Contributed by Dr. Lucas Pozzo-Miller
Our recent work discovered the cellular bases for seizure and epilepsy disorders in the Mecp2 mutant mouse model of Rett syndrome, in addition to providing a novel pre-clinical end-point for the evaluation of therapeutic approaches. Proper development of excitatory and inhibitory neurons and their synapses leads to a finely tuned “excitation-to-inhibition balance”, which has been recently found to be dysfunctional in several mouse models of autism spectrum disorders. Due to its high degree of inter-connectivity, keeping this balance is absolutely critical in a region of the brain called the hippocampus, one of the main focal points of epileptogenesis in the brain. Our work in the hippocampus of Mecp2 mutant mice describes for the first time a pronounced network hyper-excitability that is caused by an excitation-to-inhibition imbalance. The origin of this imbalance is two-fold: reduced inhibitory input and enhanced excitatory input to CA3 neurons. We are currently evaluating the hypothesis that the development of GABAergic interneurons – the main inhibitory elements in the brain – is impaired in Mecp2 mutant mice because of reduced BDNF signaling. It is well known that GABAergic interneurons depend on BDNF for their maturation (including inhibitory synapse formation), despite not producing it themselves. Importantly, BDNF dysregulation contributes to Rett-like pathologies in mouse models, and its genetic or pharmacological overexpression reverses several impairments. In current pre-clinical studies, we are testing 2 different types of BDNF mimetics (because BDNF does not crosses the blood-brain barrier) in an attempt to enhance GABAergic interneuron maturation and prevent the development of an epileptogenic hippocampus.

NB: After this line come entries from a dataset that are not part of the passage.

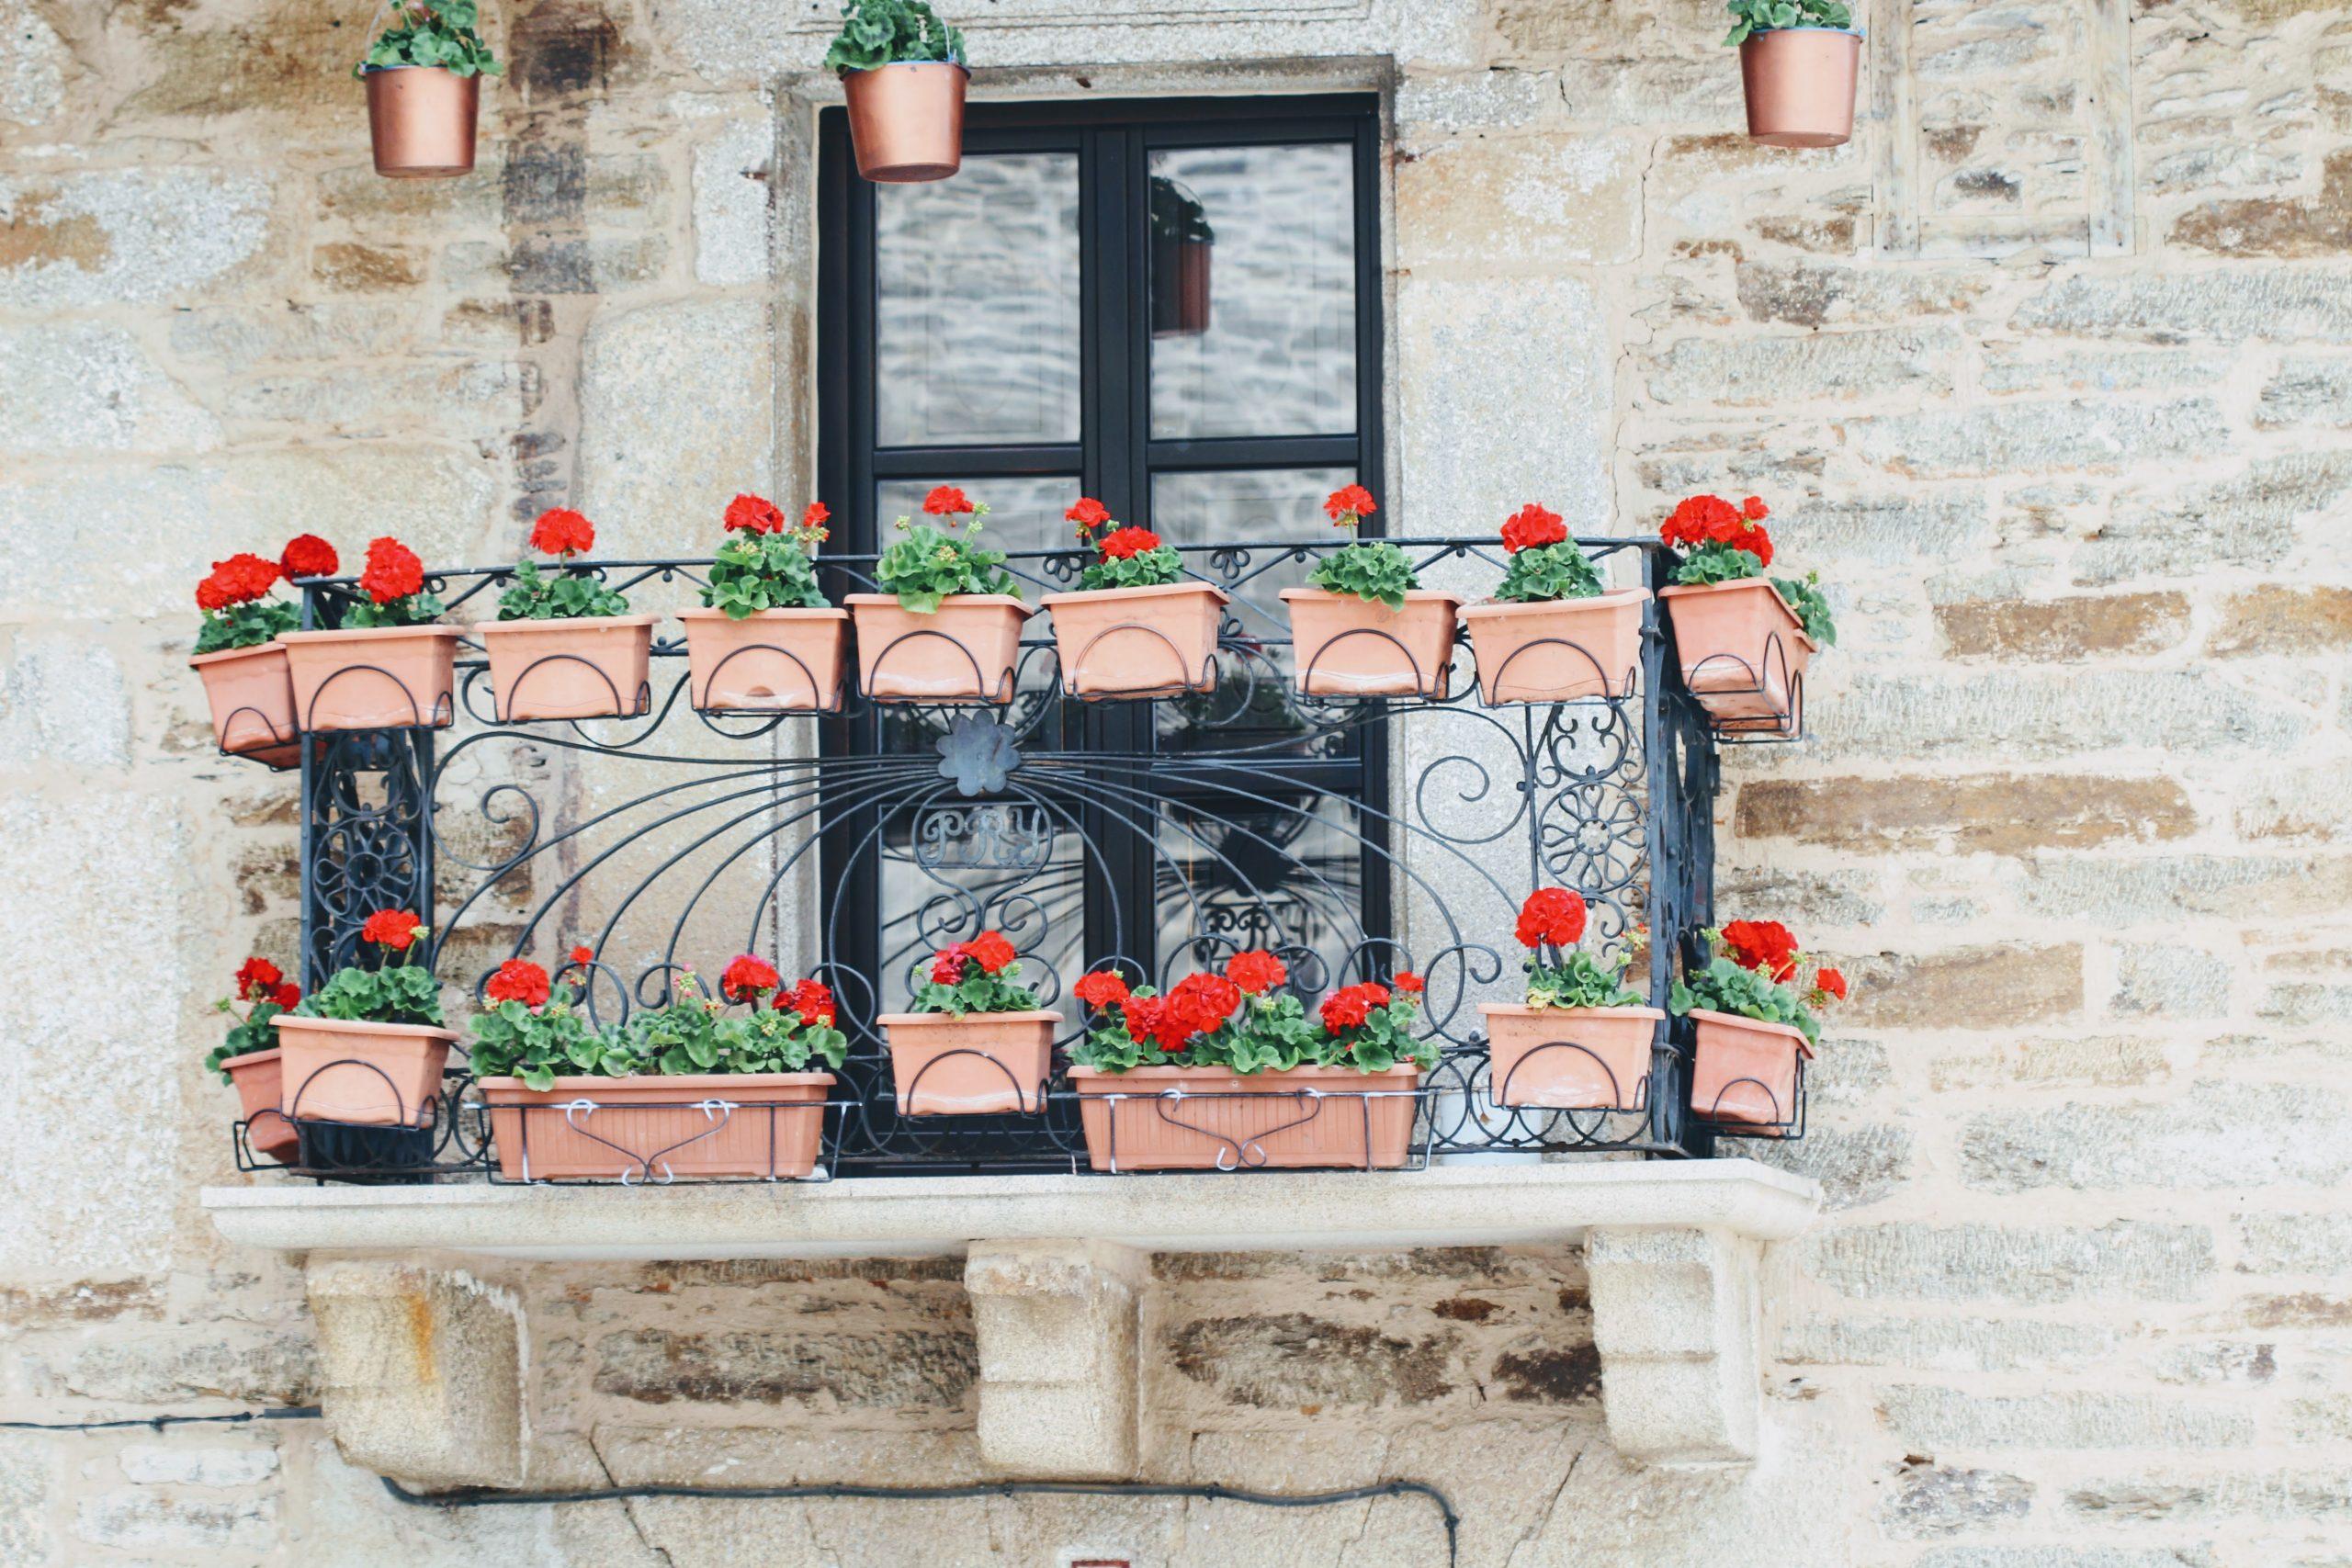 Balkonpflanzen Schatten
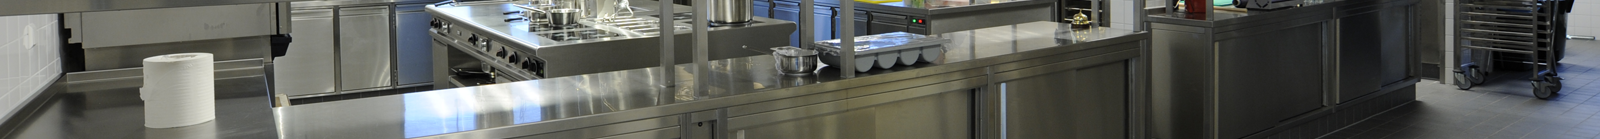 RVS uitgifte keuken
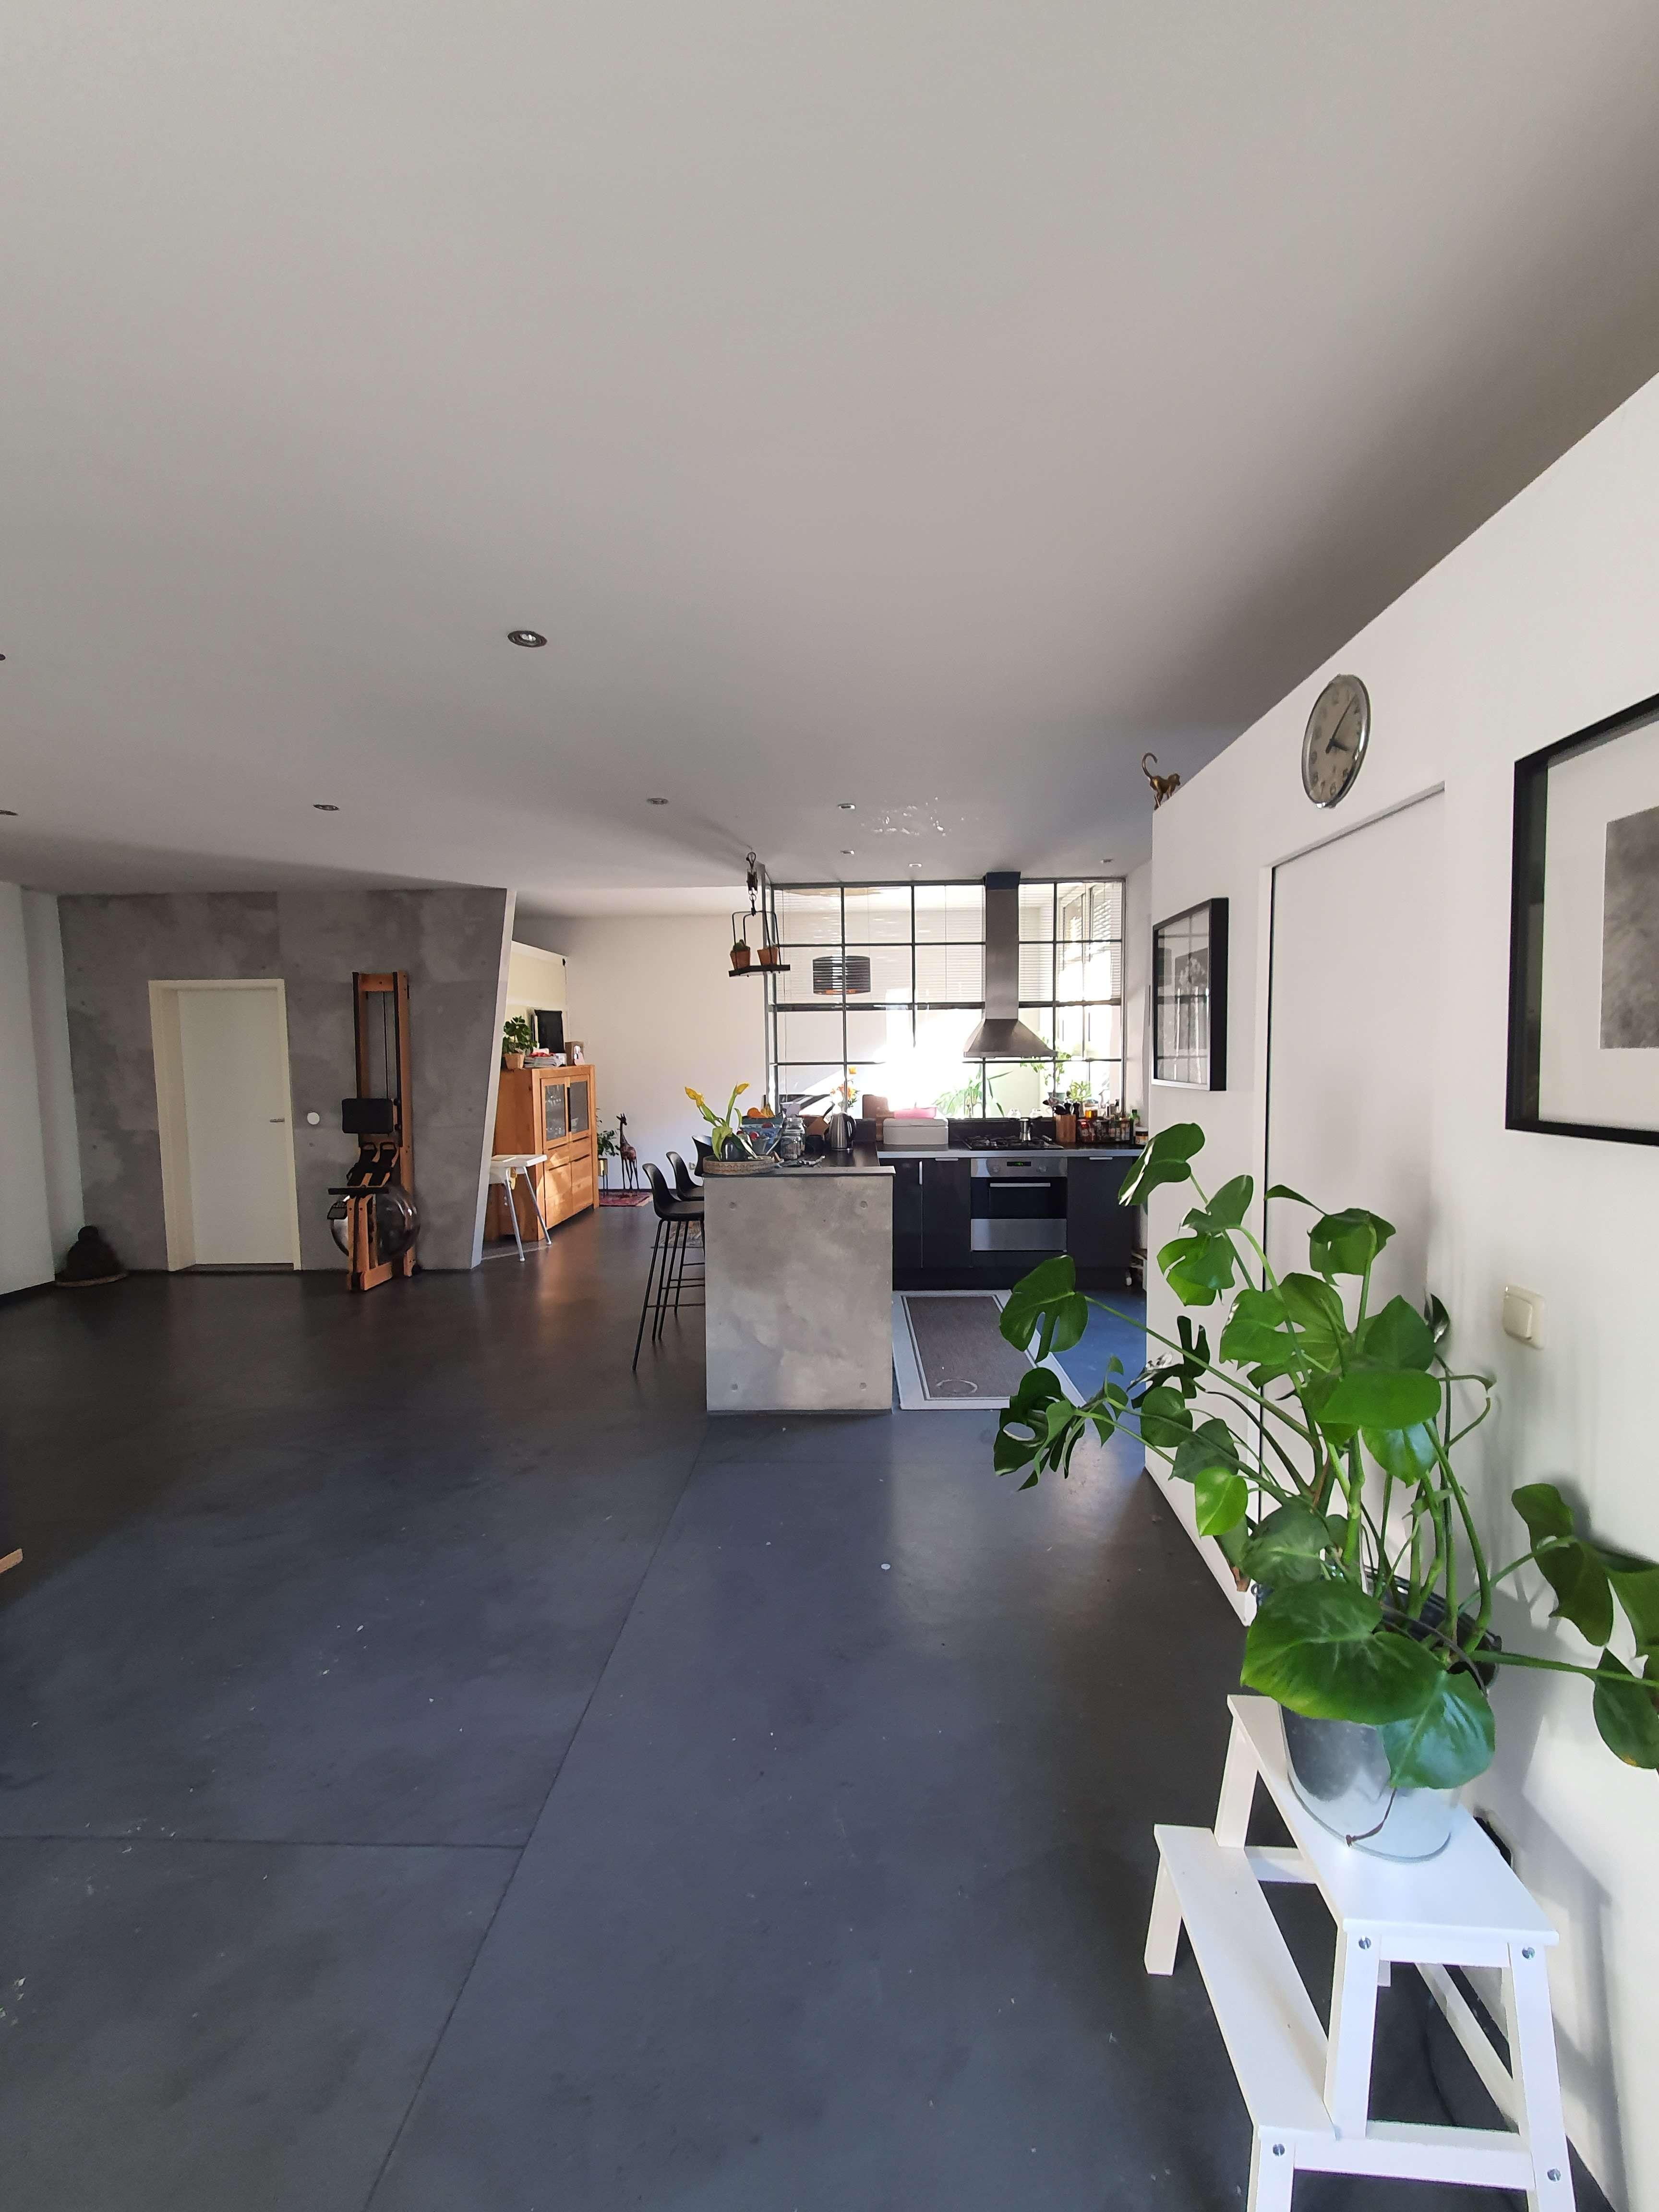 Hinterhof-Loft-Wohnung mit Balkon und Einbauküche in St. Johannis - Krugstraße in

The transition of my research interest from the basic biology of BDNF and hippocampal neurons and synapses to the role of Mecp2 in synapse function and the potential dysregulation of BDNF signaling as underlying cause of several phenotypes and clinical manifestations would not have been possible without funding support from the IRSF. My first NIH grant on Mecp2 and BDNF was co-funded by the IRSF and NINDS, and 3 of my postdocs have had fellowships from the IRSF. In addition, the Rett scientific community and the Rett families welcomed me with open arms and allowed me to learn and share our work during the annual meetings. It has been exciting and highly motivational to become part of this community, and I hope to be able to continue my active participation as a basic and pre-clinical neuroscientist.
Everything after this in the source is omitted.